Mustang Memorial Field, formerly known as Mustang Stadium and then Alex G. Spanos Stadium, is an 11,075-seat multi-purpose stadium located on the campus of California Polytechnic State University (Cal Poly) in San Luis Obispo, California. It is the home field of the Cal Poly Mustangs football and soccer teams. 

The stadium was renovated largely from funding via the late Alex Spanos, a Cal Poly alumnus, American billionaire real estate developer, founder of the A. G. Spanos Companies, and then-majority owner of the Chargers of the National Football League (NFL).

History and renovation

Originally opened  in 1935, the stadium was expanded in 2006 to its current capacity and, following the completion of a $21.5-million renovation, was then renamed Alex G. Spanos Stadium in a pregame ceremony on November 18. 

The recognition and subsequent renaming for the ensuing 15 years was the result of an $8 million donation to renovate Mustang Stadium by Mr. Alex Spanos, the largest single donation in the school's history at the time. At the next season's home opener following the dedication, Cal Poly debuted a tailgating section perpendicular to the stadium's entrance along South Perimeter Road, and set a sellout record of 11,075 fans as the Mustang football team defeated Weber State 47-19.

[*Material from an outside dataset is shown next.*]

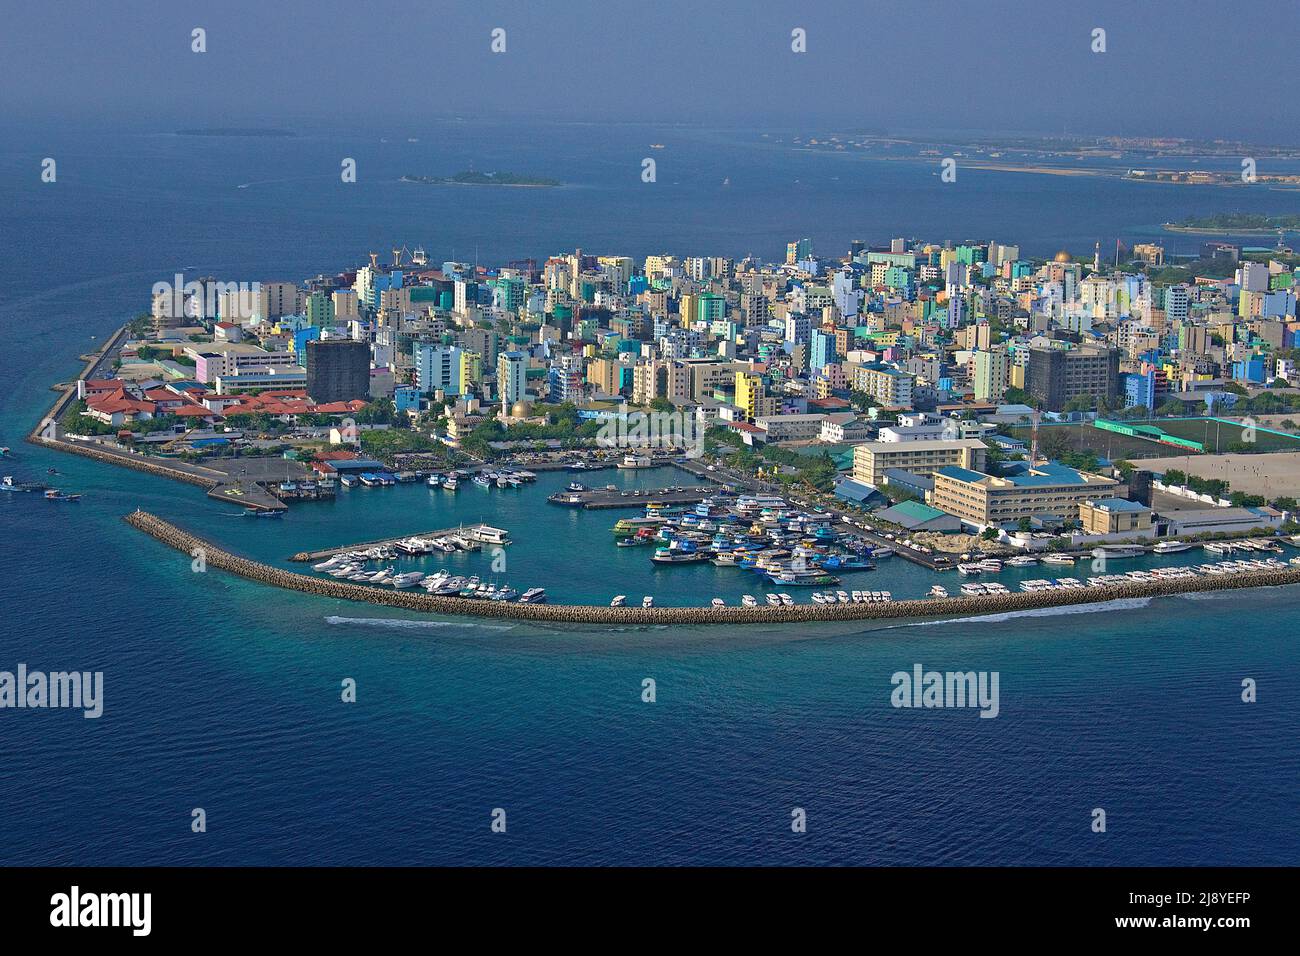 Vue aérienne de Malé, capitale des Maldives, océan Indien, Asie Banque D'Images

Previous expansions to the stadium's steel east-side grandstands were completed in 1972 and 1979.

In 2013, Cal Poly replaced the south end zone rented stands with permanent aluminum stands improving handicapped access. Additionally, Cal Poly renovated the lower portion of the older east-side bleachers to add handicapped seats and improve accessibility and egress. The new south endzone stands increased capacity by 345 seats.

Artist renderings of further increasing the stadium's capacity to 25,000 were released in 2010.

The playing field is aligned north-northwest to south-southeast at an approximate elevation of  above sea level. Formerly natural grass, FieldTurf was installed in 2022.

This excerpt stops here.